In their report published in the journal Nature, the Göttingen researchers suggest that the salmon industry, local fishermen and environmental protection organisations join forces in seeking a solution to this problem. A joint approach of this kind has already been tested in countries like Italy, Australia and the USA. The aim must be to ensure that, in addition to those of the salmon farms, the rights of the local fishermen and the environment are asserted. This is the only way that sustainable tourism can be established as a new sector with good prospects in the region.
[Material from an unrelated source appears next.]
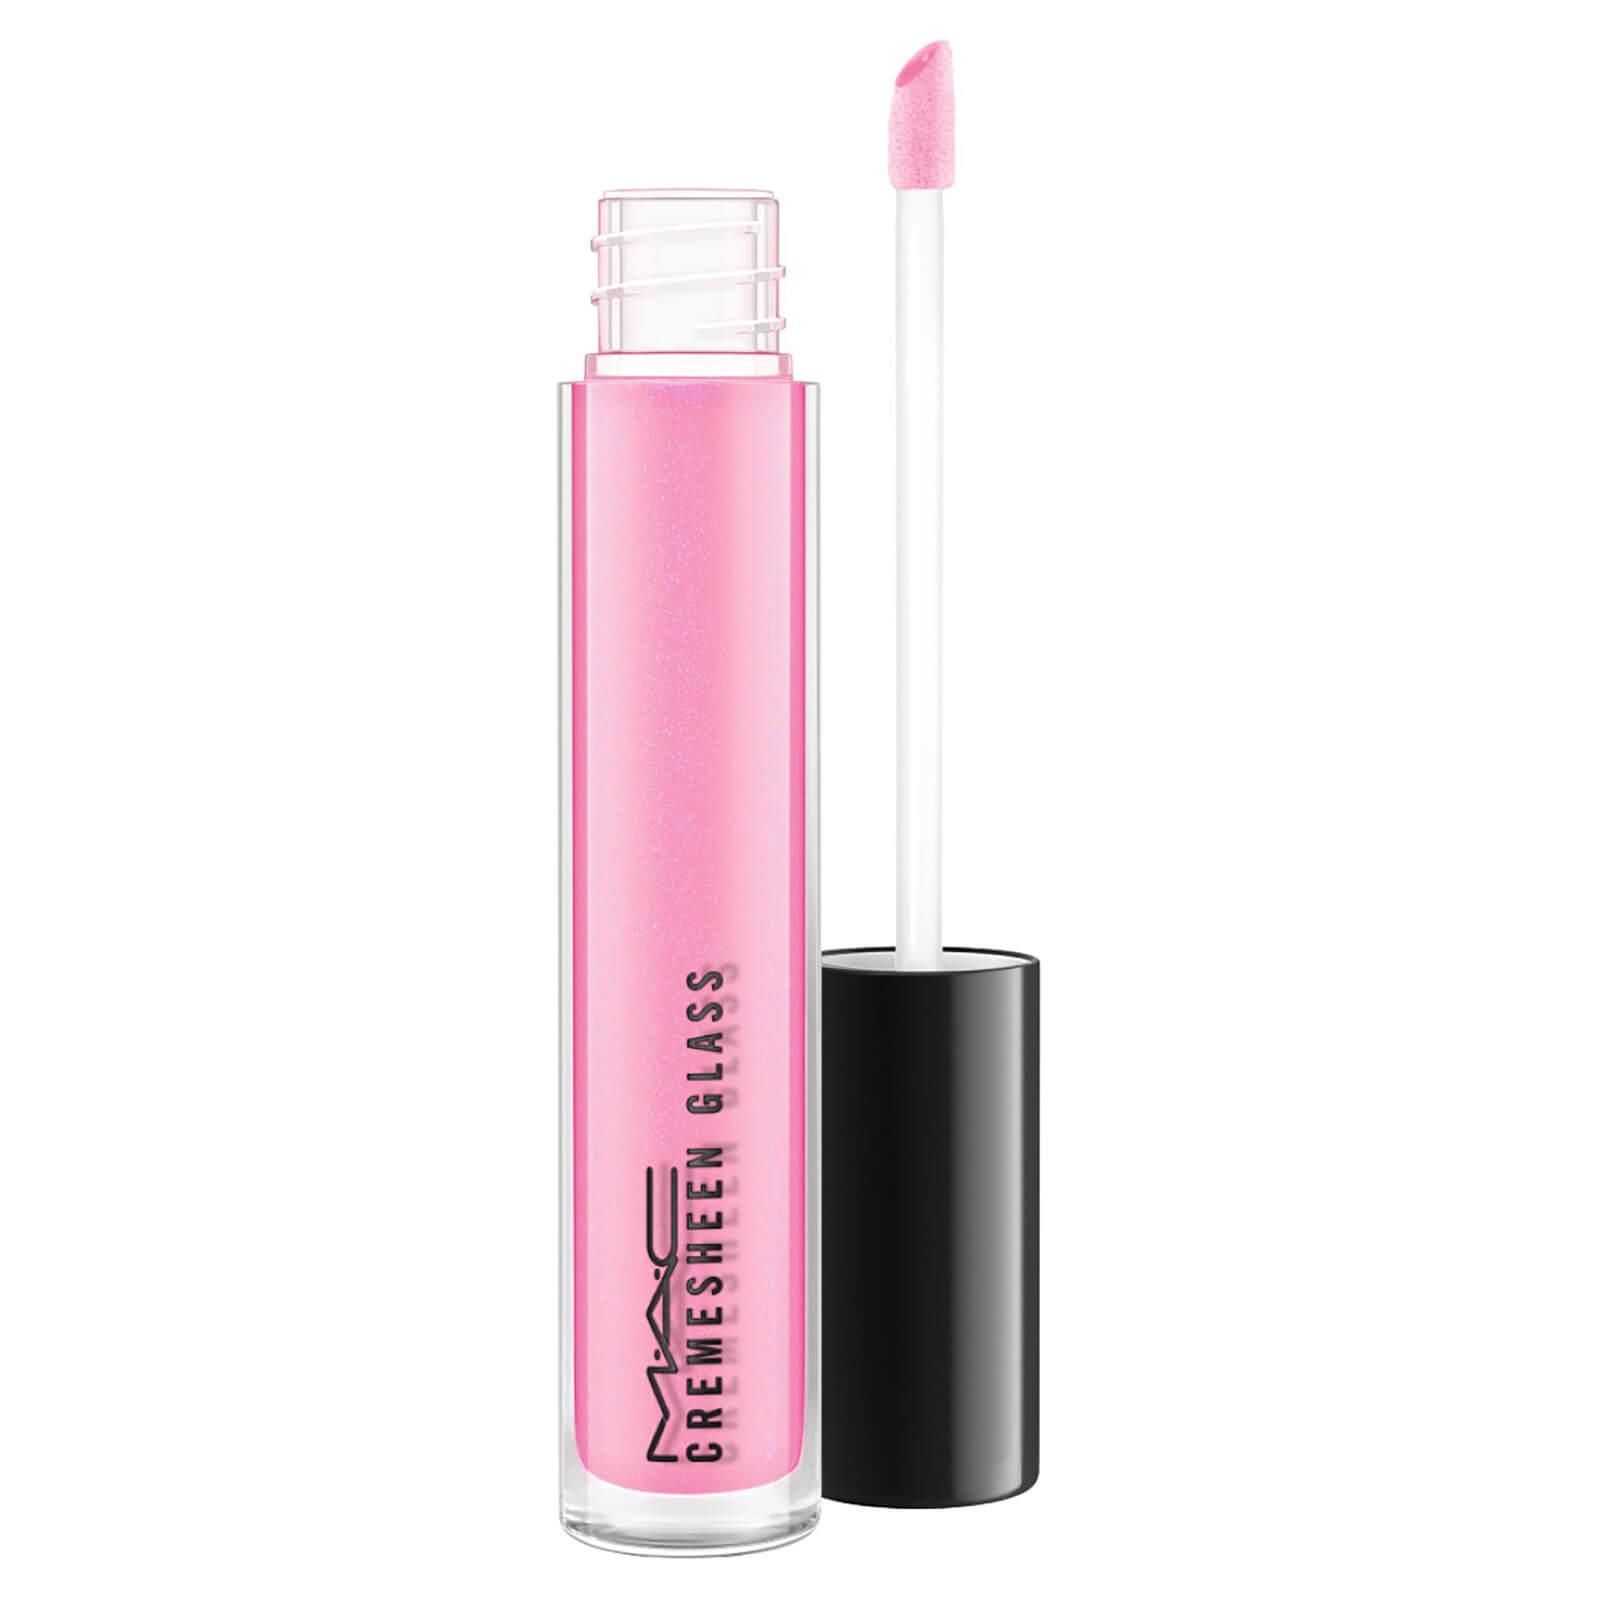 MAC Brillant à Lèvres Cremesheen Glass Lip Finish (teintes variées) - Pagoda

The Max Planck Institute for Dynamics and Self-Organization in Göttingen researches complex systems from very wide-ranging areas in physics, information technology and biology. Heike Vester's research project involves the study of the complex communication between social whales, such as pilot and killer whales. As part of her study, the biologist has collected and compared sound recordings and behavioural studies from northern Norway and southern Chile with a view to identifying variations in the sound patterns of the two geographically divided populations. The aim of the study is to gain a better understanding of the composition and structure of the sounds and their use. This could contribute to the identification of important steps in the evolution and development of the formation of sounds by these animals. Heike Vester has visited Chile every year since 2008 on the invitation of the Chilean Center for Scientific Tourism to study how sustainable tourism could be developed there.